Certes que le moment où un éléphant ou un buffle vous regardent de tout près est désagréable, et que ce soit le regard perçant des petits yeux clairs de l’éléphant, ou le regard méchant des yeux plissés du buffle qui vous observent, l’un et l’autre vous produisent un effet de froid dans le dos fort pénible, et pourtant quand on a tâté une fois du petit jeu, toujours on est tenté d’y revenir.

— Pourquoi ? Pourquoi ? Pourquoi ?

— Et si l’on me demande : y a-t-il un danger réel à chasser la grosse bête en Afrique, je répondrai : Les dangers qu’on court dans la solitude sont exagérés sur la foi de certaines relations ; il ne faut pas croire à la lettre, des histoires répétées partout, et voir des aventures dans des incidents ordinaires. Sans doute il serait aussi déraisonnable de rejeter en bloc des récits traditionnels, que de les admettre naïvement dans tous leurs détails. Des animaux de même espèce agissent en effet de façon très variable suivant les circonstances ; maints traits de leur caractère se modifie aussi selon qu’ils se trouvent en face de l’homme dans des conditions différentes, ou qu’eux-mêmes sont bien ou mal lunés, ou s’ils ont été chassés et blessés précédemment. Mais les récits sensationnels répétés sur ouï-dire sont le plus souvent très peu sûrs, et devraient toujours être soigneusement contrôlés ou du moins reproduits ou admis avec réserve.

D’après mon expérience personnelle, à moins cas spécial, quand elle le peut, la bête traquée s’enfuit toujours ; si elle est acculée c’est autre chose, mais il faut justement éviter de l’acculer, et dès le début se placer favorablement soi-même par rapport à elle. Il faut commencer par embrasser le terrain, prendre le vent, juger de la position de l’animal et de la direction qu’il désirait prendre, et neuf fois sur dix, si l’on a pris soin de s’entourer de toutes ces précautions, on peut être à peu près sûr de réussir dans la chasse que l’on a entreprise et le danger que l’on court est réduit des trois quarts.

Il reste naturellement celui d’une charge toujours possible, et qui la plupart du temps vous surprend inopinément, mais cela rentre dans la catégorie des accidents imprévus qui vous arrivent quand on y songe le moins, et qui dans la brousse plus encore qu’ailleurs font dire qu’en Afrique on se trouve toujours devant l’Inconnu, cet Inconnu vers lequel nous attire une Force Invincible…
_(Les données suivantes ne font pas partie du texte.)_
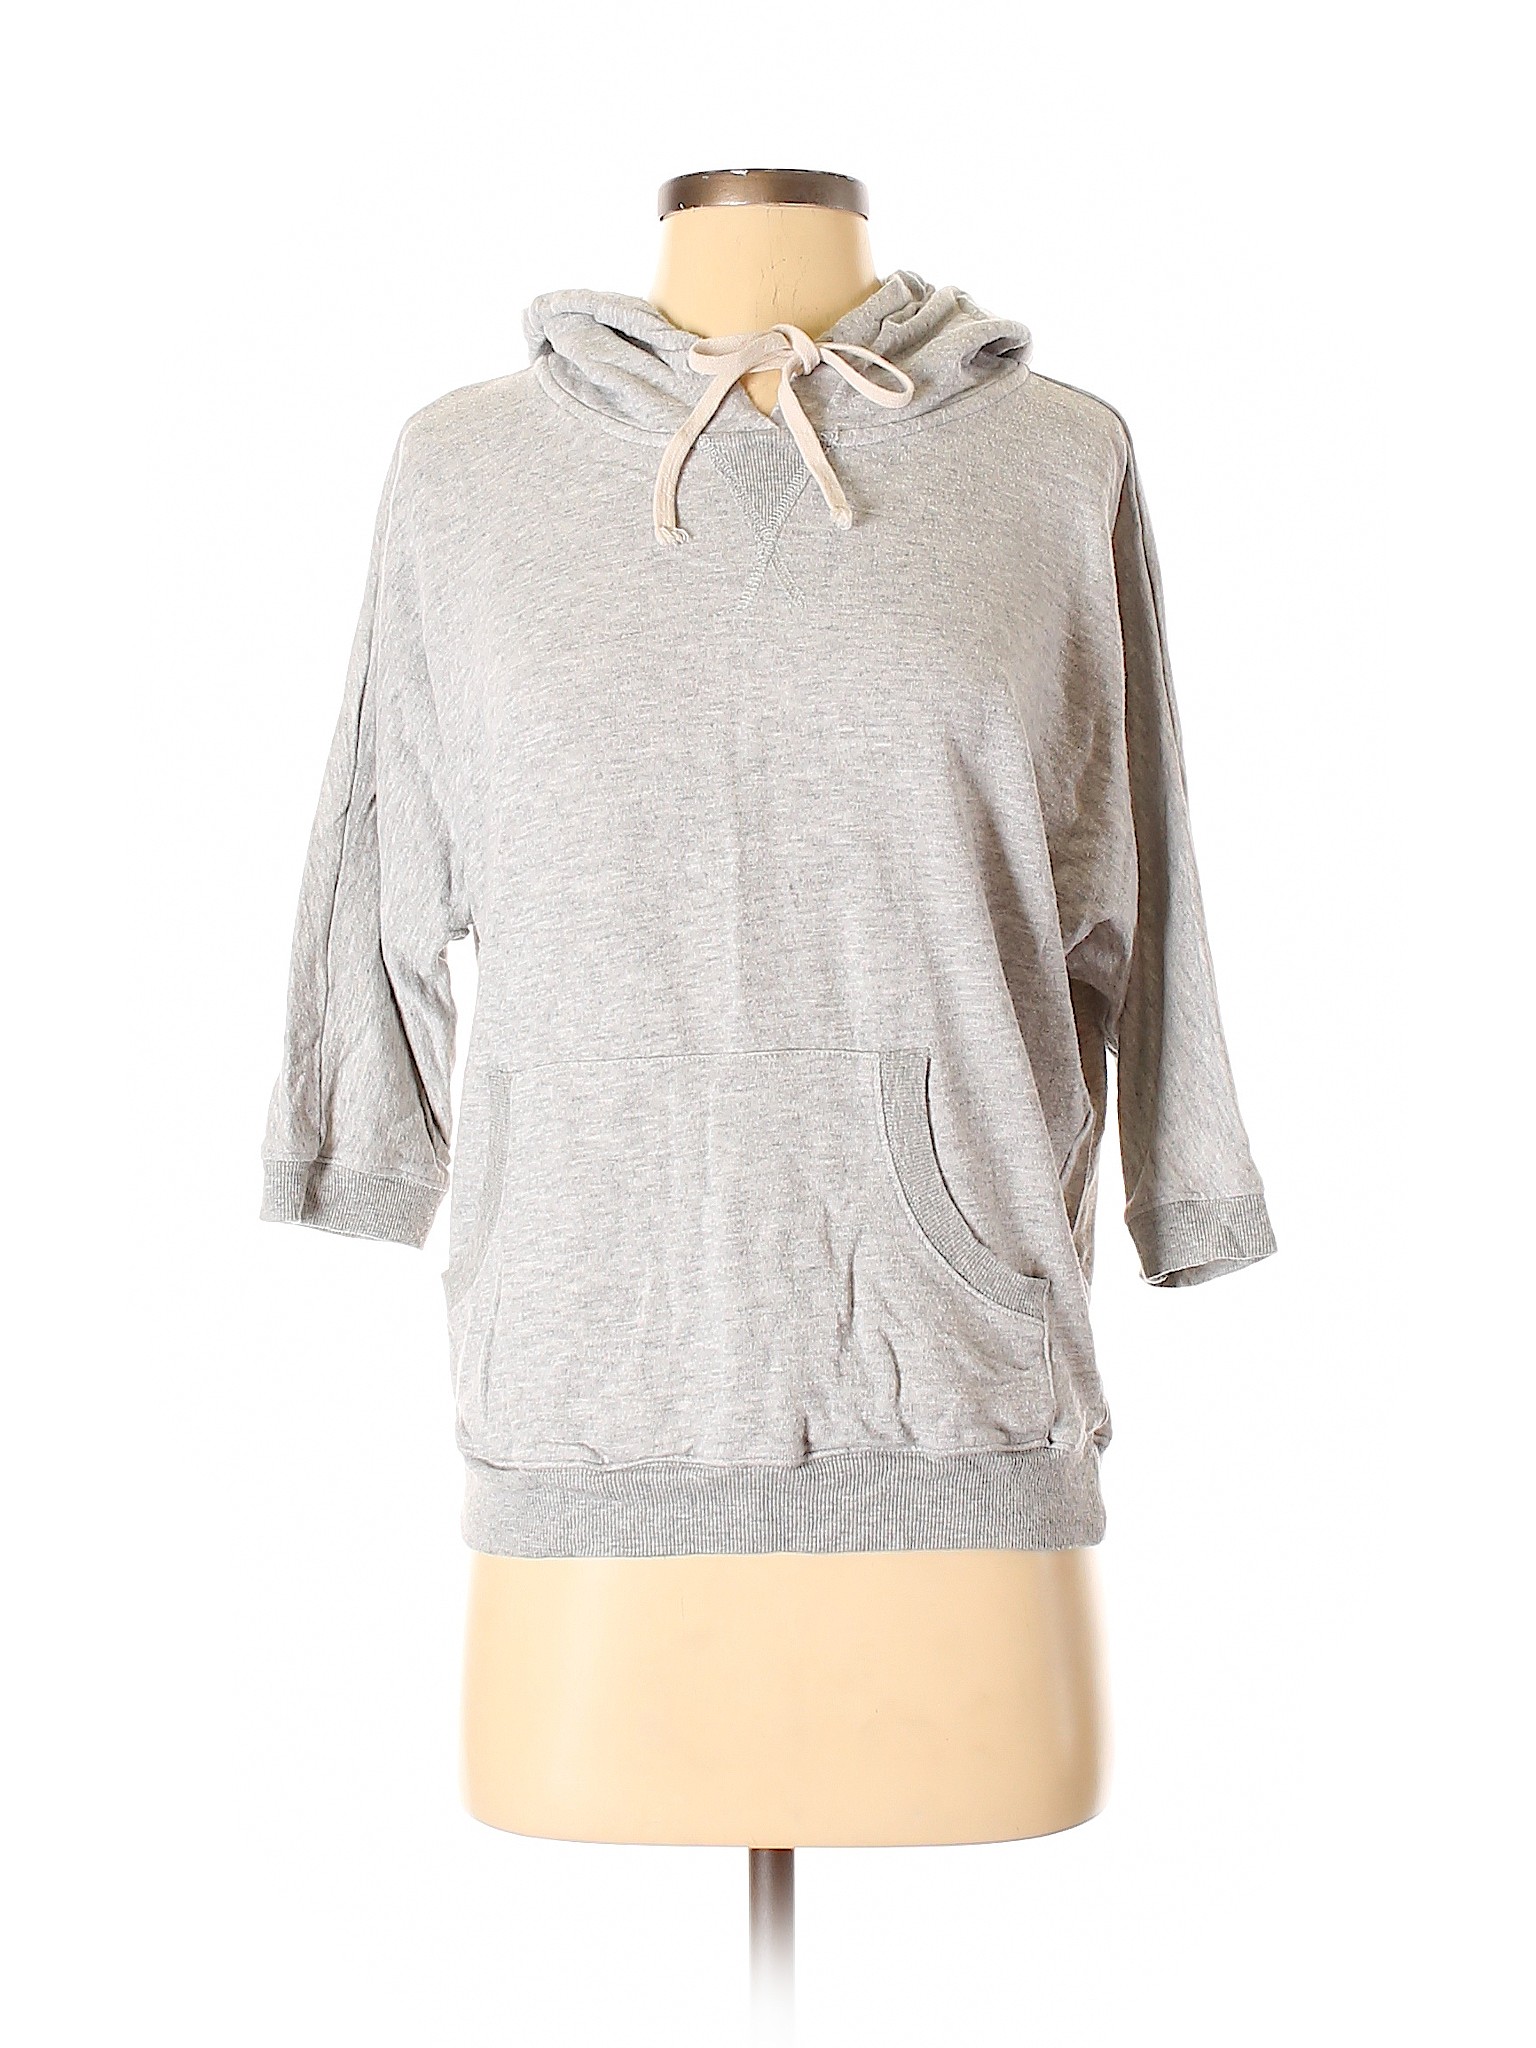 Delia's Women Gray Pullover Hoodie S | eBay

Semper aliquid novi ex Africa.


FIN
  1. Au moment de mettre sous presse, nous recevons la triste nouvelle de la mort du capitaine Bird qui vient à son tour de payer de sa vie, son trop grand amour de l’Afrique, et qui a succombé dans ce coin du Manyéma, témoin de ses exploits ; nous garderons un souvenir ému de ce fidèle compagnon de M. Pescatore qu’il devat de si près rejoindre dans la tombe.